\section{Methodology}
\subsection{Background}
\textbf{Diffusion Models} are a class of generative models that learn to approximate complex data distributions by iteratively transforming random noise into structured samples. They operate through a two-phase process: a \textit{forward diffusion process}, in which Gaussian noise is incrementally added to training data over a sequence of steps, and a \textit{reverse denoising process}, where a network is trained to recover the original data by gradually removing the noise. This learned denoising procedure allows the model to sample from the target distribution by reversing the noising trajectory. The forward diffusion process is modeled as a Markov chain, where Gaussian noise is added at each time step. Given an initial data sample \( x_0 \), the noised sample at time step \( t \) is computed as:\begin{equation}
q(x_t | x_{t-1}) = \mathcal{N}(x_t; \sqrt{1 - \beta_t} x_{t-1}, \beta_t I)\end{equation} where \( \beta_t \) is the noise schedule controlling the amount of noise added at each step. The final state \( x_T \) approaches a pure Gaussian noise distribution.
To train the model, we optimize: 


\begin{equation}
L_{\text{cond}} = \mathbb{E}_{x_0, t, \epsilon, c} \left[ \| \epsilon - \epsilon_\theta(x_t, t, c) \|^2 \right]
\end{equation}where \( \epsilon_\theta(x_t, t, c) \) represents the model’s prediction of the noise at time \( t \) and condition \( c \). \\ 


\input{sec/data-figure}



\subsection{ Diffusion Backbone}

We build our framework on a Diffusion Transformer leveraging its capacity for large scale data and high-fidelity generation. We first pre-train DiT-XL/2 on approximately 2 million unlabeled chest radiograph patches, enabling the model to capture the semantic structure of thoracic anatomy and generate realistic CXR patches. To specialize the model for localized nodule synthesis, we finetune it on curated nodule patches using binary masks as spatial conditioning signals. These masks define the target region for nodule placement, allowing the model at inference to synthesize nodules at desired locations through inpainting while preserving surrounding lung structures as shown in Figure \ref{fig:Diffusion baseline generation}. To further improve adherence to the conditioning masks, we apply classifier-free guidance (CFG) during inference. 

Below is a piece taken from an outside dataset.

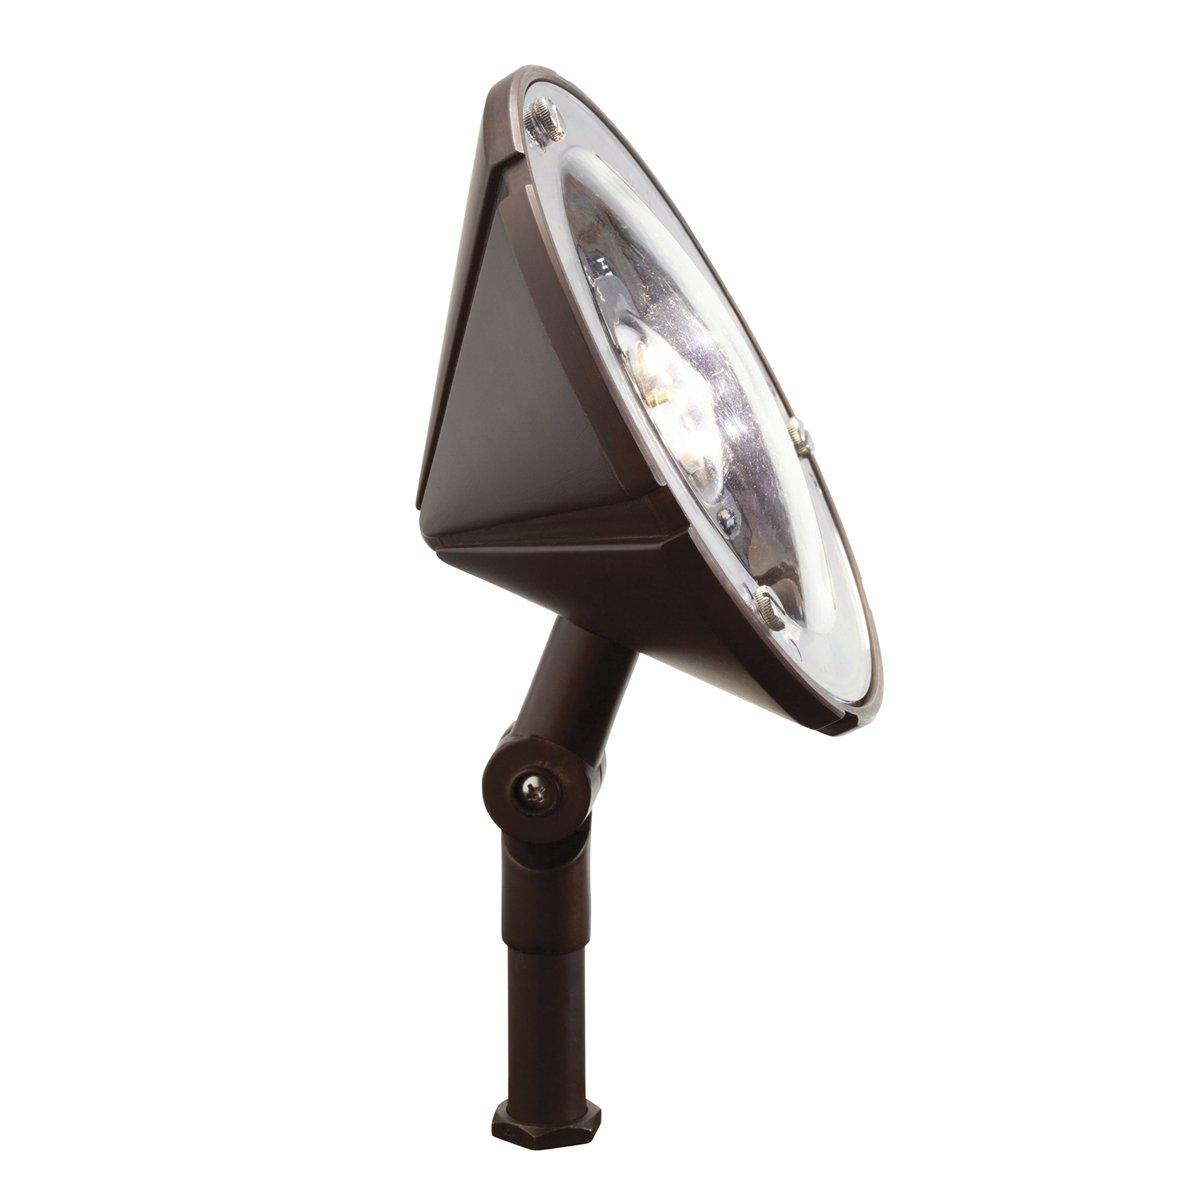 Kichler Lighting 15861BBR Landscape Wash LED Flood Light, Bronzed Brass

\noindent \textbf{Rationale for Separate LoRA Adapters:}
Using CFG to control multiple semantic labels simultaneously competes with mask-based conditioning and degrades boundary fidelity. Empirically, applying CFG to both masks and labels produced suboptimal results. Consequently, we adopt LoRA modules for characteristic control as they are computationally inexpensive while using CFG for mask conditioning. A comparison between CFG-based label control and our separate LoRA approach is provided in Appendix~\ref{sec:cfgvslora}.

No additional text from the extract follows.